You agree to pay for any reasonable and actual business expenditure incurred by us at your direction. These might include, for example, third party, licensed software, telecommunications charges, web hosting, domains and privacy, or specialized computer hardware.
Either party may terminate this Agreement by giving at least thirty (30) days’ written notification.
Should you fail to pay the compensation defined in the accompanying SoW that is not the subject of a good faith dispute within thirty (30) days of the date due, we may terminate this agreement and the associated SoW.
We both agree to conduct our businesses and operations to maintain and increase the goodwill and reputation of all.

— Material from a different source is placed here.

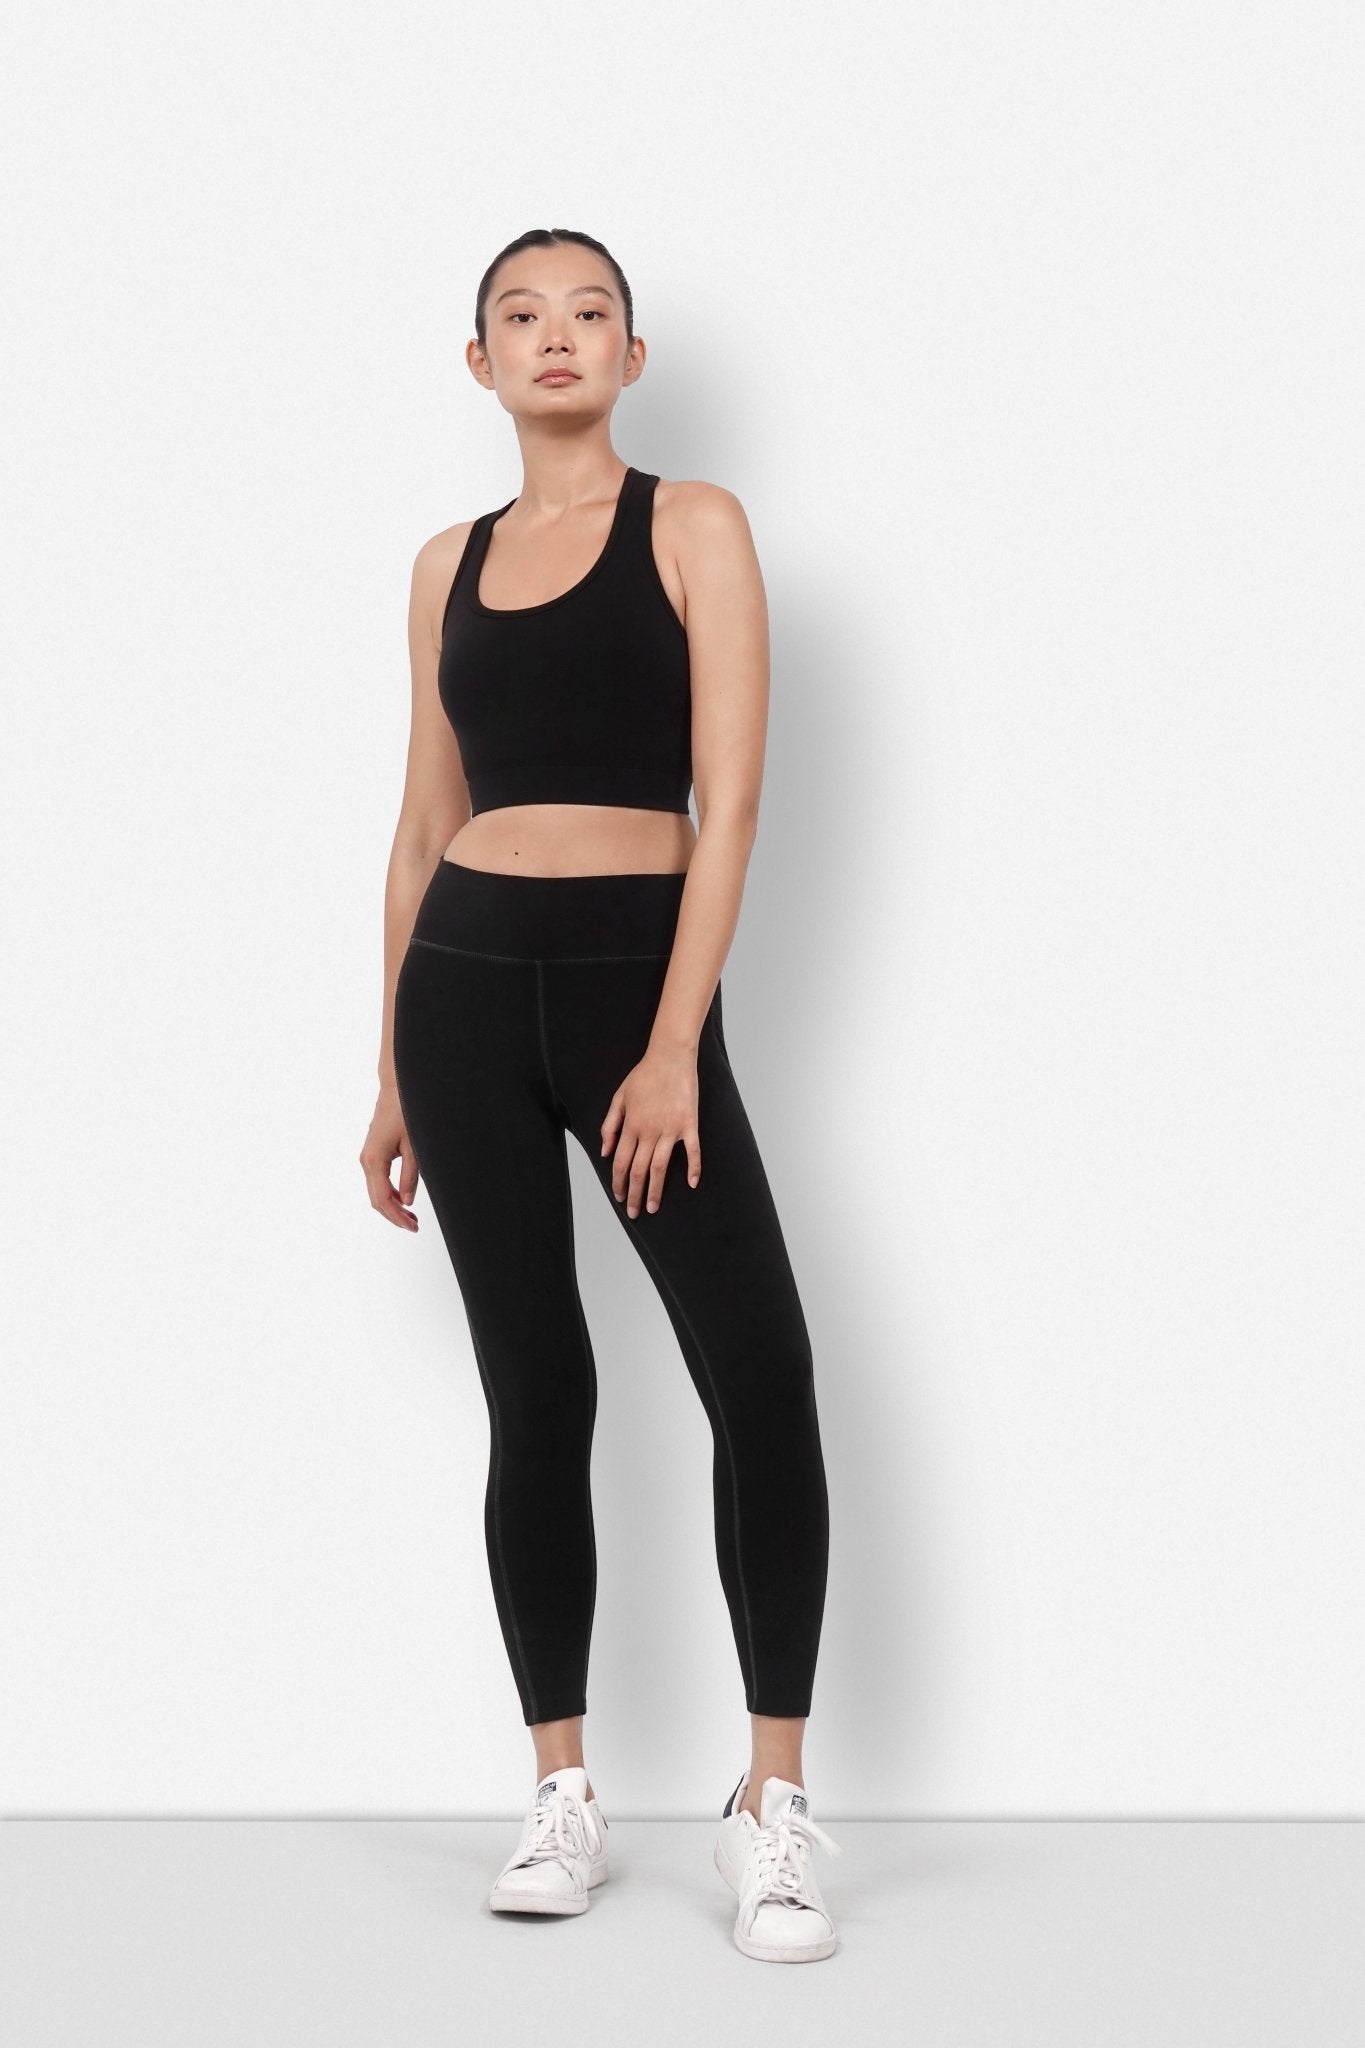 Stay Active and Stylish with VSX Sport Leggings

Any violation of this may constitute a ground for termination of this agreement.
Both organizations, their employees, or any person acting for either organization will not disclose any information obtained in the course of our business relationship unless specifically authorized by the relevant parties.
This obligation of confidentiality shall survive the termination of this agreement.
We both agree not to contract with the clients or direct competitors without written consent for the duration of our business relationship and for a period of one year after our business relationship concludes — unless the client or competitor relationship predates the Agreement.
You agree not to solicit, induce, or encourage directly or indirectly any of our employees to leave the company while this Agreement is in effect and for one year after the date of completion of the Agreement.
You have no authority to bind Lambent by any promise or representation unless specifically authorized in writing by Lambent
Unless otherwise stated each party may use non-confidential information for marketing purposes.
Notices will be handled by email and are understood to be delivered upon email reply via from the recipient or confirmed by third-party software.
Neither party shall be liable for the delay or failure of performance caused by force majeure such as fire, explosion, accident, strike or other similar acts of God. This Agreement will be suspended for the duration of the event and resume when force majeure has ceased.